Sam told Wired he has no regrets and does not believe he defrauded any of Hart's followers and fans because he was giving them what they paid for. The Organization for Economic Cooperation and Development's AI monitor considers Emily Hart to meet its definition of fraud and lists her as an AI incident. "The AI system's outputs were central to the deception and monetization, directly causing harm to the users who were misled and financially exploited. The account was removed for fraudulent activity, confirming the harm occurred", its own AI-generated report says. "This fits the definition of an AI Incident as the AI system's use directly led to harm (financial and trust-related) to groups of people."

Sam has not been the only content creator to make money and attract fans with a virtual MAGA influencer. Shortly before Wired reported on Emily Hart, The Washington Post broke the story that "Jessica Foster", another apparent young woman online popular with Trump supporters, was actually an AI creation. Foster's Instagram feed depicted her as a blonde white woman in her 20s serving in the U.S. Army, sometimes photographed with Trump and other prominent U.S. and international leaders. There were some imperfections in the photos posted that gave away the use of generative software to make them: the nametag on her uniform said "Jessica" (Army regulations require only the last name be used) and the sign on the podium of a Board of Peace meeting she was appearing to speak at read "Border of Peace". There are other MAGA virtual influencers, often presenting as young, blonde white women in their 20s, who like Foster and Hart are depicted working either in the military or as first responders.

Valerie Wirtschafter, a Brookings Institution fellow who studies technology and democracy, says that while fictitious online personae are not new, the use of AI has given them credibility. She adds that since women in their 20s are much more likely to be politically liberal than like-aged men, any young women online claiming a MAGA identity is "more attention-grabbing". During the 2024 election, she recalls, Trump shared on his Truth Social feed pictures of some purported "Swifties For Trump" that on close examination appeared to have been generated by an AI program.

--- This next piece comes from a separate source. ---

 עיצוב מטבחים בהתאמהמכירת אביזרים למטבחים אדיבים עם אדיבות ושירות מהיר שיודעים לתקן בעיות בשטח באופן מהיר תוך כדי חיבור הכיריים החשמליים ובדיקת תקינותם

Sam said few of Hart's fans cared whether she was real. According to Wirtschafter, for Hart's fans, the idea of an attractive young woman with politics like hers was the important thing for her followers. "Even among some digital natives, there's a perspective of, 'Well, I don't actually care if this is true. I like the sentiment of it,'" she says. For Sam, it was simpler: "The MAGA crowd is made up of dumb people—like, super dumb people. And they fall for it."

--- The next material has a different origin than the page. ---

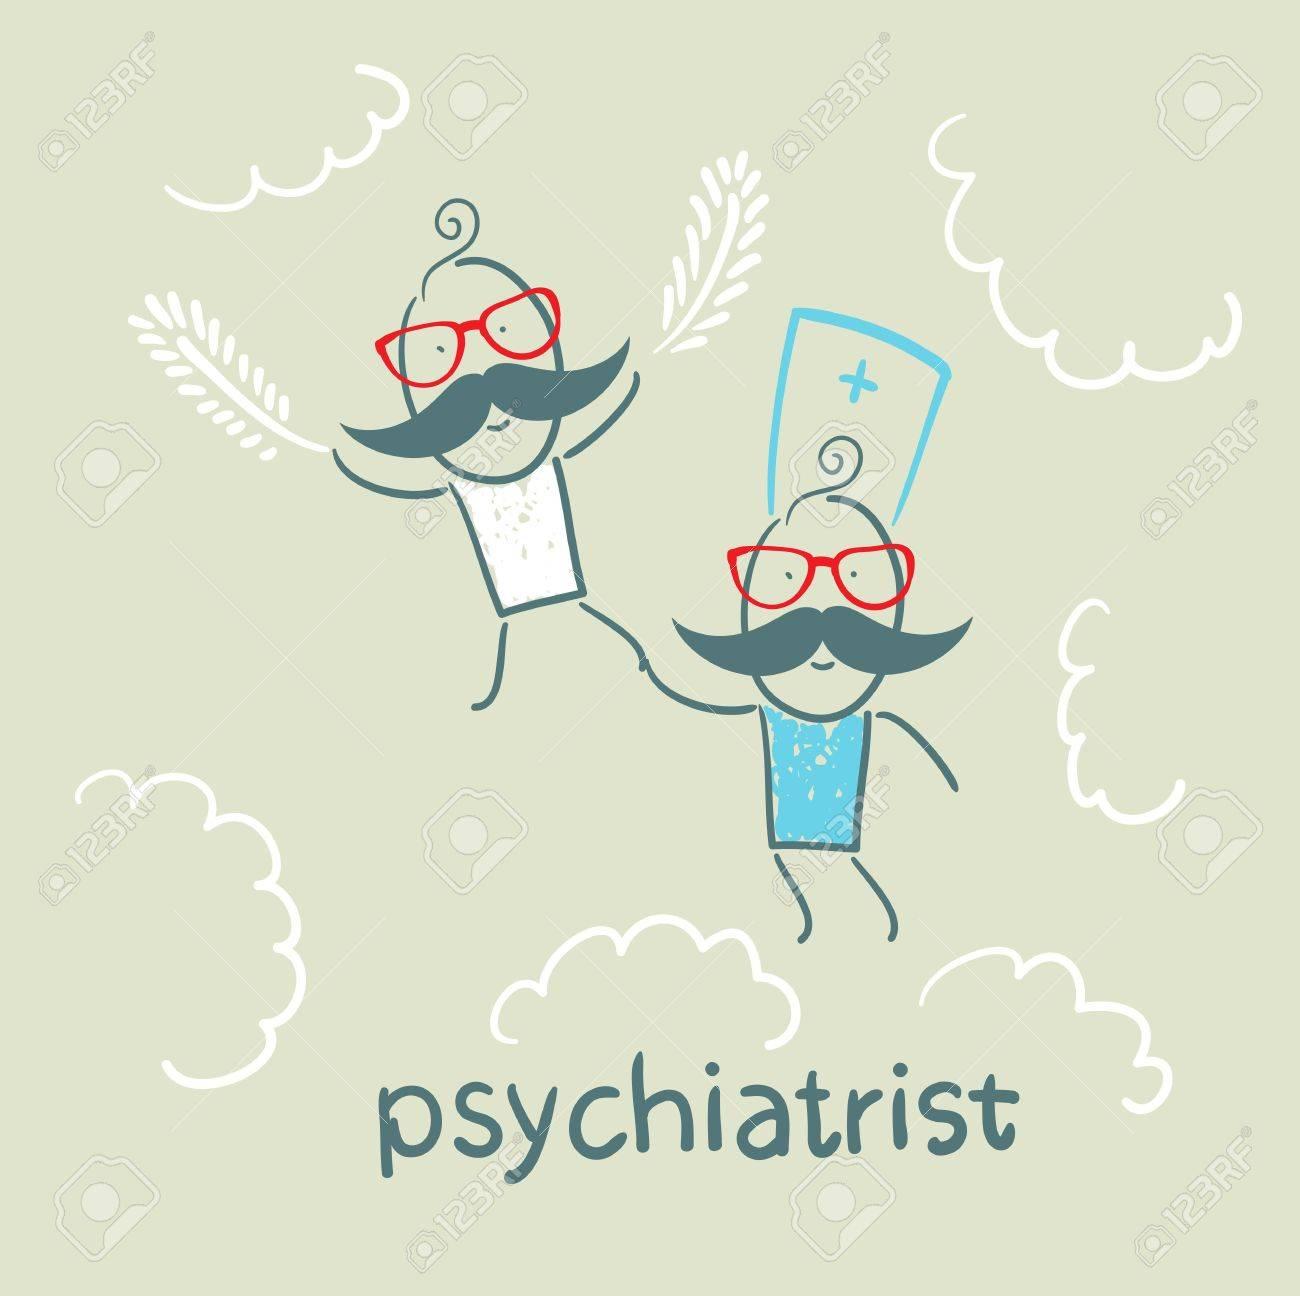 psychiatrist with patient flies in the sky Stock Vector - 22661210

Some commentators considered its effect on AI. "While debates rage over artificial intelligence taking away jobs," India's The Federal observed, "here it seems to have created a new one: full-time fake influencer." At Creative Bloq, Joe Foley pondered the possibility that a glut of AI-created influencers might "lead to a situation where people only trust influencers who are already actually famous, or who have a recognised presence offline. Anyone else could be fake." On the other hand, like Wirtschafter, he noted that "[t]here are plenty of people who knowingly follow so-called AI-influencers and don't seem to see that as sad."